However, there are mixed views on this subject. Serotonin produced in the gut does not cross the blood-brain barrier: it’s the serotonin synthesized from dietary tryptophan in brain cells that influences mood, depression and anxiety (Bektas et al. 2020). The main mediator of these effects would therefore be the serotonin-modulated ENS, rather than circulating serotonin.
Clinical trials on neurological and psychiatric disorders focus on increasing or reducing tryptophan levels, through supplementation or deprivation. A systematic review and meta-analysis of thirteen studies found a positive correlation between probiotics and kynurenine pathway metabolism, but limited evidence of an effect from prebiotics (Purton et al. 2021).
Tryptophan and cancer
Tryptophan has been shown to be a useful diagnostic marker for some cancers. For example, tryptophan fluorescence has been used to assess colonic neoplasms, while amino acid profiling and combined serum histidine and plasma tryptophan have been shown to facilitate the diagnosis of renal carcinoma (Friedman 2018).

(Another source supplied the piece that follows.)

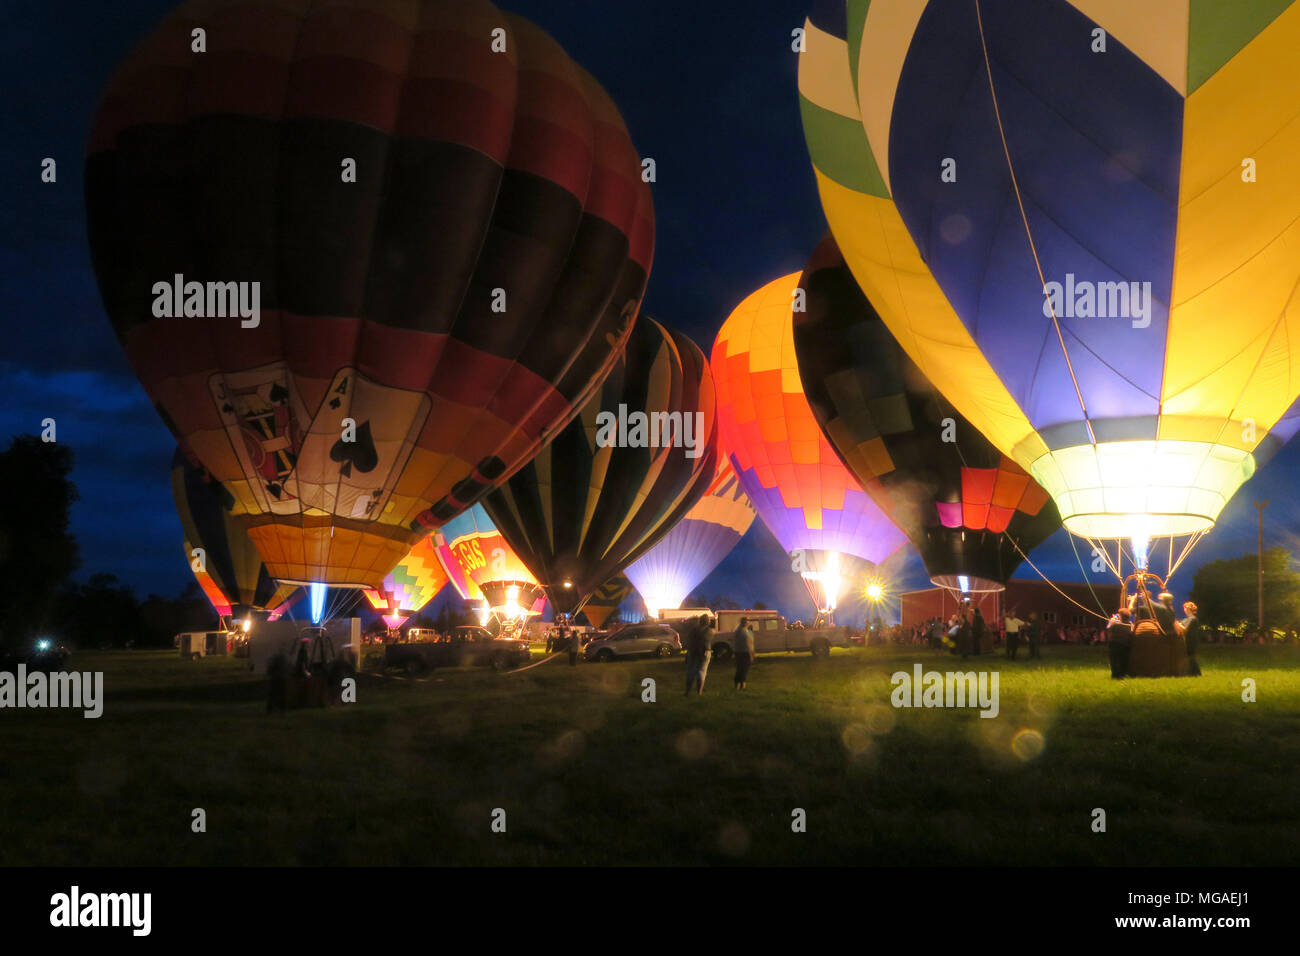 Hot Air Balloon glow mit Flammen an einem Connecticut Balloon Festival Abend ballon Glühen Stockfoto

Tryptophan metabolism has also been associated with tumor cell malignancy and restriction of antitumor immunity, though clinical trials targeting the tryptophan-kynurenine-aryl hydrocarbon receptor (AhR) axis with immunotherapy have been inconclusive (Peyraud et al. 2022).
Drug development in oncology mostly focuses on inhibiting enzymatic activity in the kynurenine pathway, for example, with IDO1 and TDO inhibitors.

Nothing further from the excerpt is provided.